=== What to work on ===
Without the pictures, repeat all of the data exactly as it appears below.

=== Material provided ===
++++++++++++++++++++
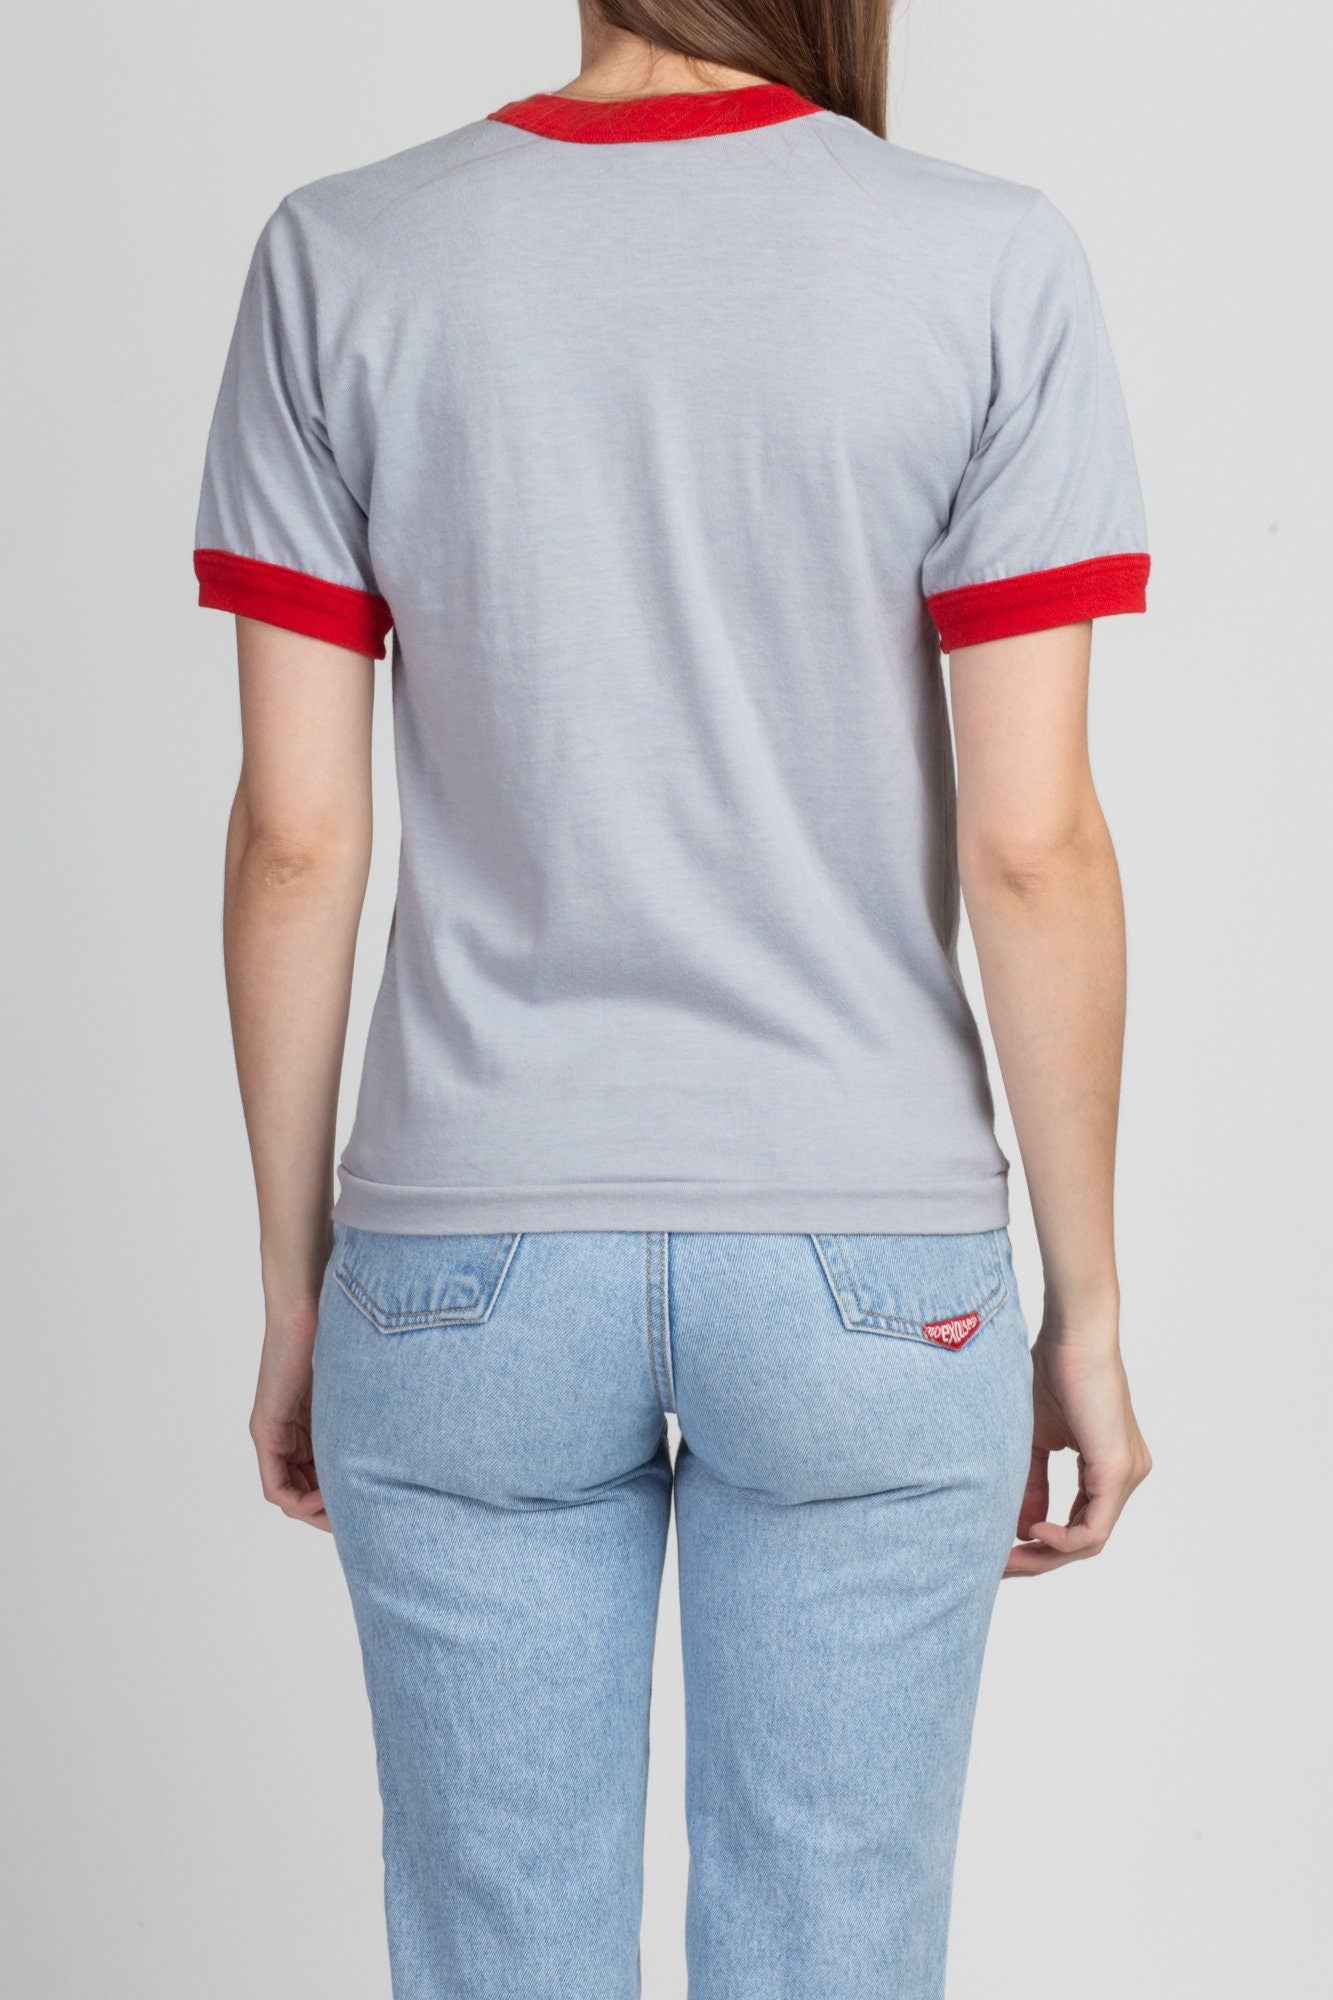 Vintage Men's T-Shirt - Red - XS
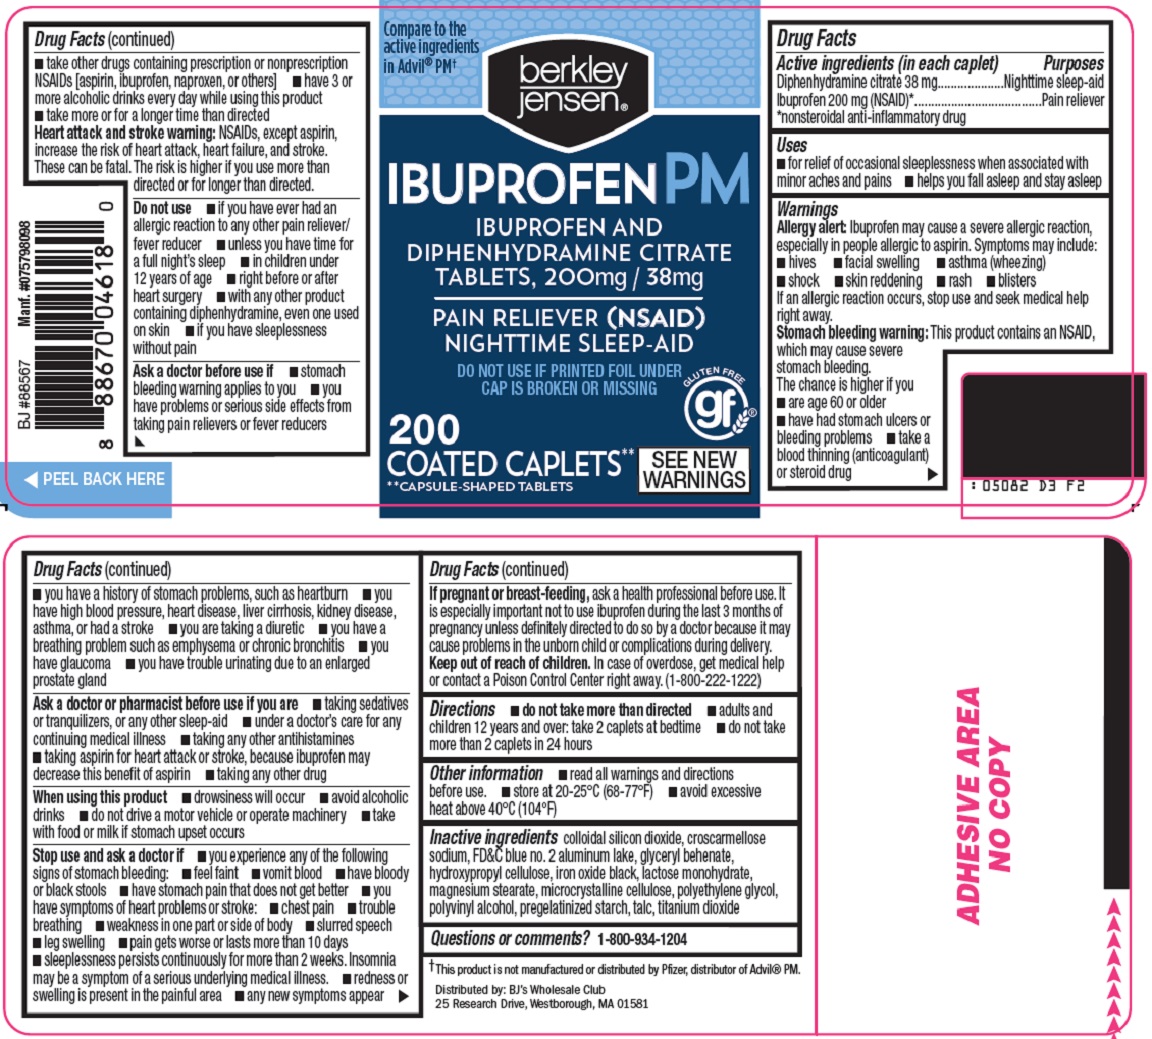 diphenhydramine citrate, ibuprofen (berkley and jensen ibuprofen pm)
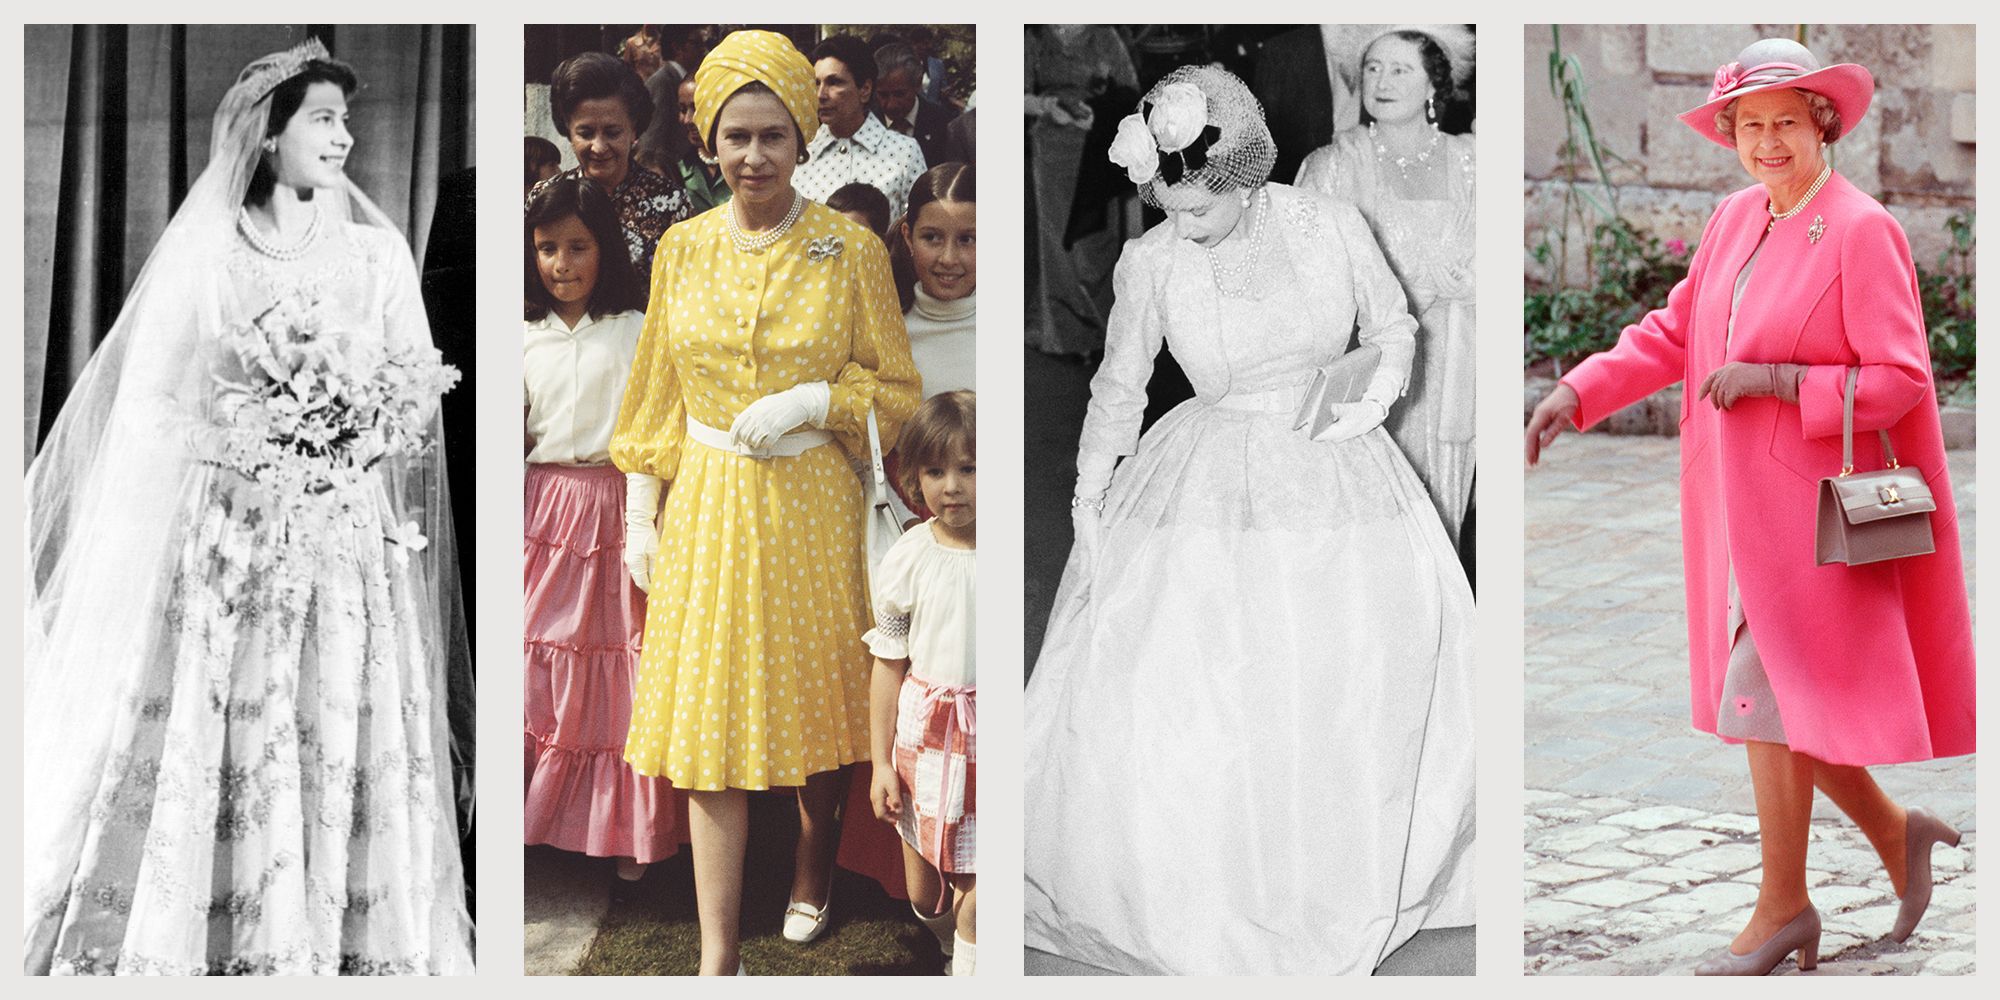 Dressed to impress: The classic uniforms of Queen Elizabeth II
++++++++++++++++++++
=== The answer ===
 Vintage Men's T-Shirt - Red - XS
 diphenhydramine citrate, ibuprofen (berkley and jensen ibuprofen pm)
 Dressed to impress: The classic uniforms of Queen Elizabeth II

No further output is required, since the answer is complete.